# EEPROM Builder Effects



## TeleCrunch (Apr 6, 2019)

What is the Pulsar (MOD006) effect and what parameters do the controllers control?

Thanks!


----------



## djathey (May 2, 2019)

Also looking for comprehensive descriptions, of potentiometer functions, for all available EEPROM builder effects.

Thanks!


----------



## Iago (May 2, 2019)

Also interested.... how does it differ from the regular Blackface style tremolo?


----------



## p_wats (May 2, 2019)

TeleCrunch said:


> What is the Pulsar (MOD006) effect and what parameters do the controllers control?
> 
> Thanks!



I've got the Pulsar (and just about all other patches available from PedalPCB). 

It's a really choppy stutter effect with 2 controls: rate and something like a release (ie, you can set it to a slow chop and it will sustain for a long time if you want). 
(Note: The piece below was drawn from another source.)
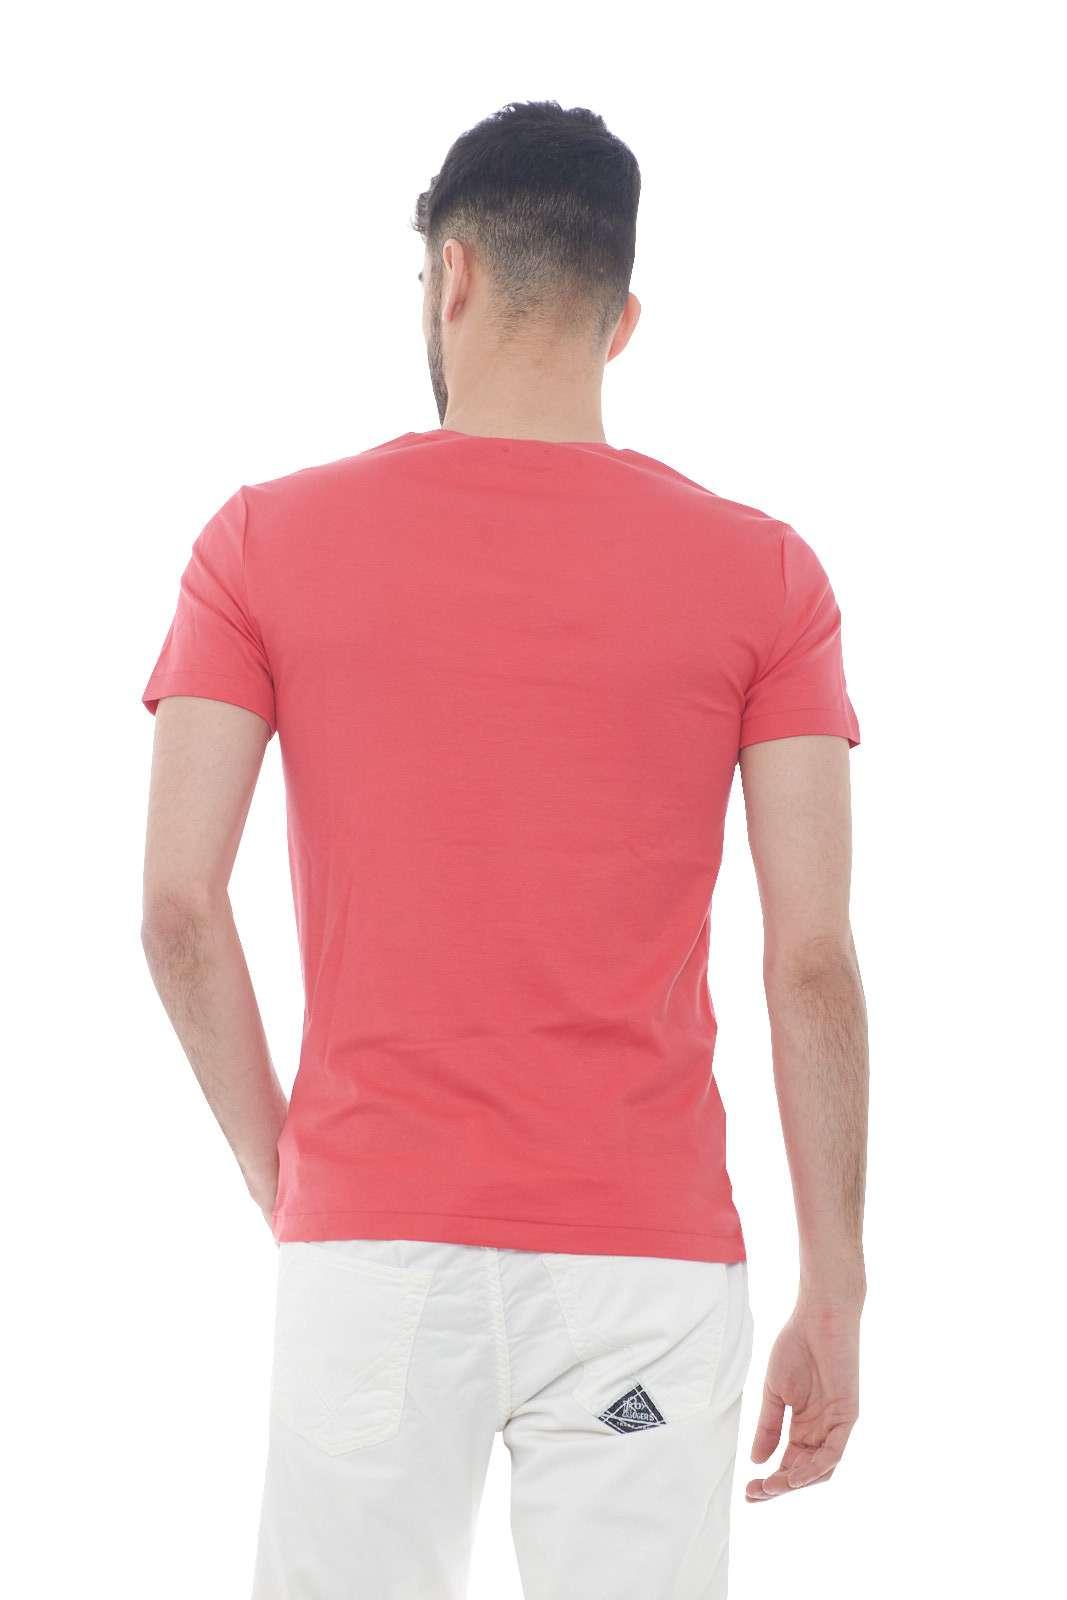 https://www.parmax.com/media/catalog/product/a/i/PE-outlet_parmax-t-shirt-uomo-Ralph-Lauren-710740727-C.jpg

I didn't like it at first, but it sounds cool when you dial the mix back and use it as a background effect. Also cool on keys.


----------



## Robert (May 2, 2019)

Pulsar is a time-sync'ed tremolo + delay. 

The idea is that the tremolo hits the delay with quarter notes that are synced with dotted eighth repeats.   It can be a bit finicky at times, but when everything falls into place it's a pretty cool effect.


----------